Corporate Cultural Issues Hold Back Secure Software Development

An anonymous reader shares a report: As the digital economy expands and software becomes more critical, security worries grow. In a new survey, 74 percent of respondents agree that security threats due to software and code issues are a growing concern. The study of over 1,200 IT leaders, conducted by analysts Freeform Dynamics for software company CA Technologies, finds 58 percent of respondents cite existing culture and lack of skills as hurdles to being able to embed security within processes. In addition, only 24 percent strongly agree that their organization's culture and practices support collaboration across development, operations and security. On top of cultural limitations, less than a quarter of respondents strongly agree that senior management understands the importance of not sacrificing security for time-to-market success.

Security company funds "study", finds problems

[enjar]

In other news, Microsoft finds that adopting Windows will work best for your company, Monsanto funds a study to say their crops are the sure way to make money as a farmer, Ford funds a study that says they make the best cars and trucks, Coca-Cola funds a study that finds their products are the most liked, etc.

I don't disagree that security is a problem, I just have a fair bit of skepticism that a study funded by Computer Associates, takeover-and-neglect artists of the software world, is really going to get to the root issues that make integrating security into software development processes without a fair helping of "we can send an army of consultants to help you for a fee, in addition to licensing some software we acquired and will resell/license to you at a pretty large markup".

Re:Time-to-market is critical

[geekmux]

Security issues can be patched later on. If you are beaten to market, in many cases you might as well send everyone home and close up shop. Launching ahead of the competition and establishing a beachhead is the single most important thing with any product and everything else is #2. I understand that many engineers don't understand this, but they are not paid or trained to think this way. That doesn't make it any less true.

The problem with ignoring the priority of security is often times the priority of safety is dismissed as well. When that happens, innocent people die.

And when Greed N. Corruption essentially never gets punished for immoral, unethical, or even illegal activity, don't expect the environment to get any more secure or safe.

Several things holding back secure software

[zifn4b]

1) Corporate Cultural issues aka employee engagement - seriously if upper management is toxic and plays psychological games, who is going to give a shit about your software on any level let alone security?
2) Lack of software engineers with appropriate level of skill, education and experience. But you know it's because we can't find qualified candidates aka ones that are unicorns that will take minimum wage as compensation.
3) Companies that don't take security and risk seriously because hey why do we need to take this seriously now? We didn't take it seriously 20-30 years ago and now you're asking me to spend more money than I used to on "best practice"? You're just trying to trick me into giving away my precious money on things we really don't need like all those RAD tools I've been pitched over the years...

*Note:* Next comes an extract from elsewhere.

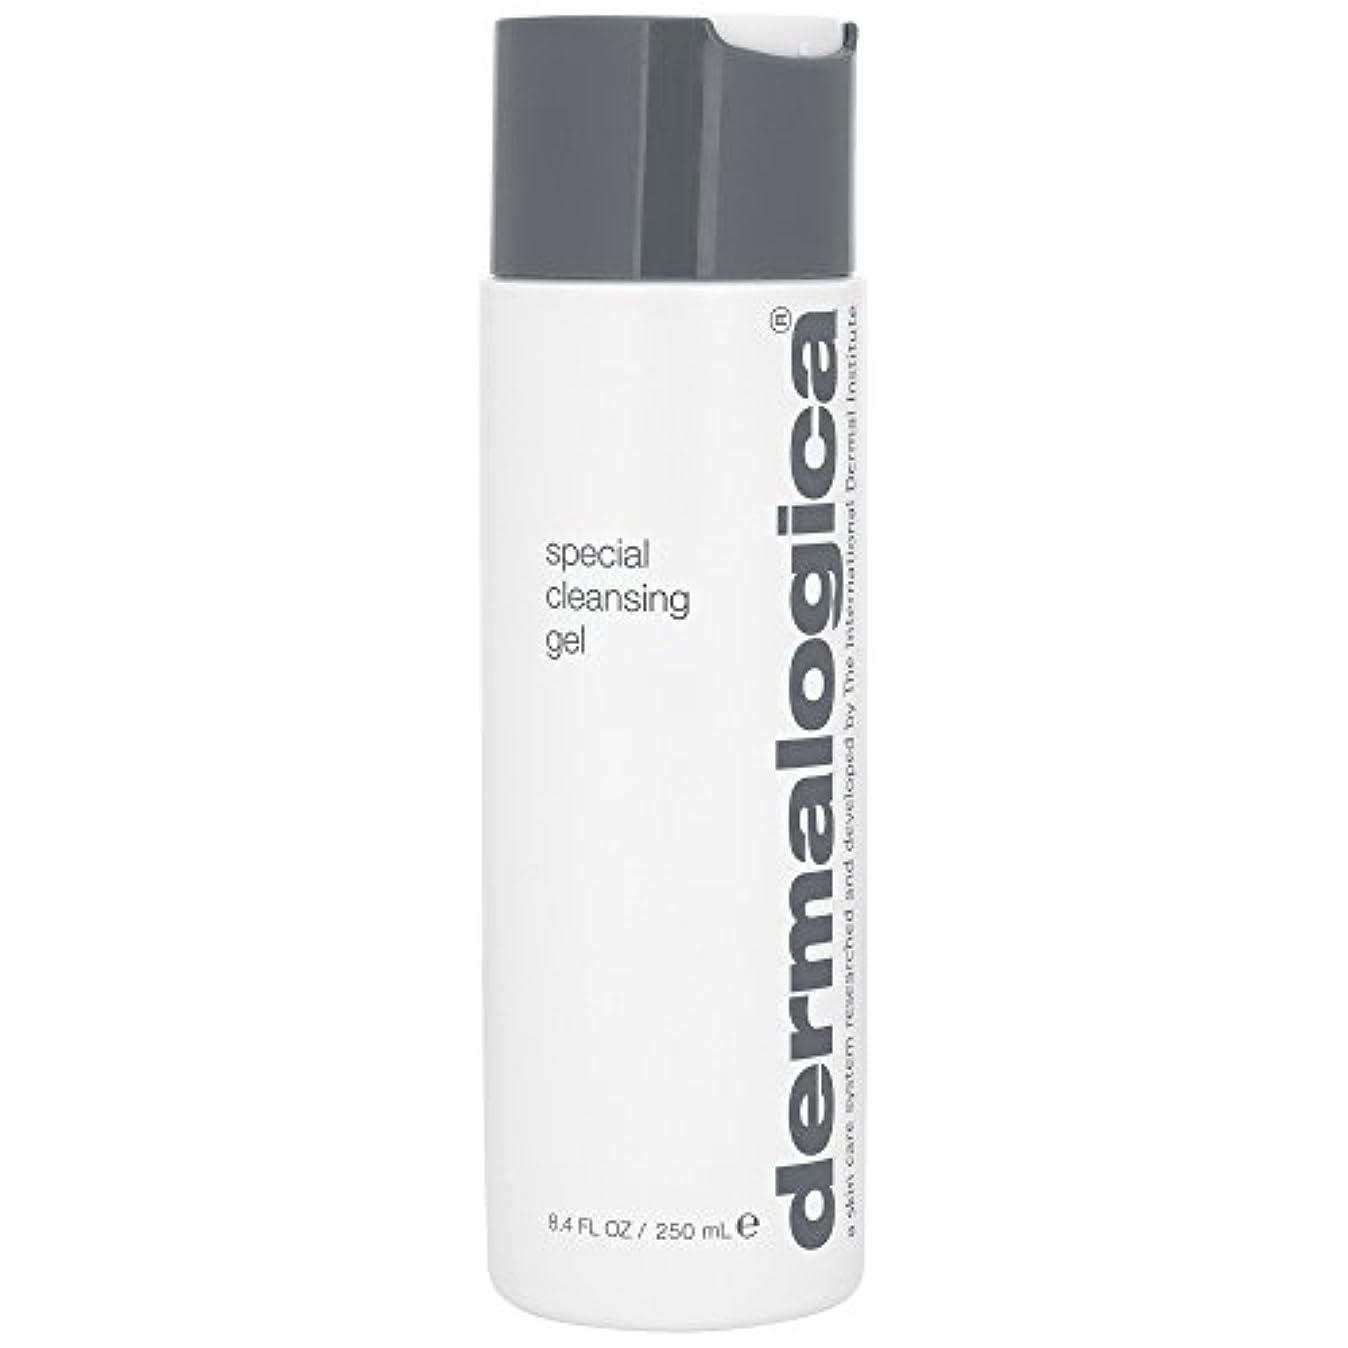 好戦的なジャングルストライプダーマロジカ特別なクレンジングゲル250ミリリットル (Dermalogica) (x6) - Dermalogica Special Cleansing Gel 250ml (Pack of 6) [並行輸入品]

I could go on ad nauseum here but the TL;DR is: if you treat your employees like expendable pieces of shit that can supposedly be replaced by interns and contractors and tell them they should be thankful for it, your software is going to be shit on every level not just security.

Bottom Line

[jmccue]

Corporate Bottom Line Hold Back Secure Software Development

FTFY

This is easy to solve.

[Gravis+Zero]

Just tie the pay of the managers to security. If there are security issues then the managers start losing money. Problem solved!